== What you should do ==
Among the lines below, restate word for word only those from the line with "Streetwear T-Shirt Red" through the line with "Portrait of peacock", with both end lines kept.

(Data shown Opens)

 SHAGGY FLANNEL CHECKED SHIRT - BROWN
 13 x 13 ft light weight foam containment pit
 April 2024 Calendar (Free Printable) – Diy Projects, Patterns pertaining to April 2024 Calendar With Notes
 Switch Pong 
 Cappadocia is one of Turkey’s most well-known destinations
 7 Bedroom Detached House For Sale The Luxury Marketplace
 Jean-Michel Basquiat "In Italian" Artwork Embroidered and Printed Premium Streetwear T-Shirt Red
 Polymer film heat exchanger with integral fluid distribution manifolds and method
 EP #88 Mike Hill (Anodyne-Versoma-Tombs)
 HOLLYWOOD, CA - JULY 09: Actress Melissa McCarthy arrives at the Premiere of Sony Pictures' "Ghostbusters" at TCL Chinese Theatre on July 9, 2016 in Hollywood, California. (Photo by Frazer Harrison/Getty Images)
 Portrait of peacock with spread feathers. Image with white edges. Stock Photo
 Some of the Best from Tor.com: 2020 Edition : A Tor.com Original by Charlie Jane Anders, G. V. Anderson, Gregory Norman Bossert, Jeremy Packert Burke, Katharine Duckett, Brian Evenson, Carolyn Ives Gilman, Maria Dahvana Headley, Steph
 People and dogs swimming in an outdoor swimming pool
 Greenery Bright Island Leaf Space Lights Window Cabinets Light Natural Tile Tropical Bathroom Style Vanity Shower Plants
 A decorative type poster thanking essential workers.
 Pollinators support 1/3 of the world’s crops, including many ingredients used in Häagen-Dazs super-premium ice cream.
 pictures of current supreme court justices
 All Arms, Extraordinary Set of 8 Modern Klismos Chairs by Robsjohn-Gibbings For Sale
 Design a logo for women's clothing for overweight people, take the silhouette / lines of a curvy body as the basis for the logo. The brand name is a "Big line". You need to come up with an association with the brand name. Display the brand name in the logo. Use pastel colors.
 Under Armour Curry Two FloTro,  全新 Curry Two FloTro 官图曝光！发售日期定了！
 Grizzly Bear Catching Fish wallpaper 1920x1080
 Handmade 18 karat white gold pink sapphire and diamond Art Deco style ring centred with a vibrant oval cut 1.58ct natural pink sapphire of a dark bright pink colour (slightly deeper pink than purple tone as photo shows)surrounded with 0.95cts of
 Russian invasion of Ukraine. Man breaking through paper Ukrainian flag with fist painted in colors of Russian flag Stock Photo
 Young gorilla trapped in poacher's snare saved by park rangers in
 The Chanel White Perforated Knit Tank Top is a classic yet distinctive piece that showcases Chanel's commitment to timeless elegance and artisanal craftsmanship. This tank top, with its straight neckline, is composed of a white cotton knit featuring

(Data shown Closes)

== Problem solution ==
 Jean-Michel Basquiat "In Italian" Artwork Embroidered and Printed Premium Streetwear T-Shirt Red
 Polymer film heat exchanger with integral fluid distribution manifolds and method
 EP #88 Mike Hill (Anodyne-Versoma-Tombs)
 HOLLYWOOD, CA - JULY 09: Actress Melissa McCarthy arrives at the Premiere of Sony Pictures' "Ghostbusters" at TCL Chinese Theatre on July 9, 2016 in Hollywood, California. (Photo by Frazer Harrison/Getty Images)
 Portrait of peacock with spread feathers. Image with white edges. Stock Photo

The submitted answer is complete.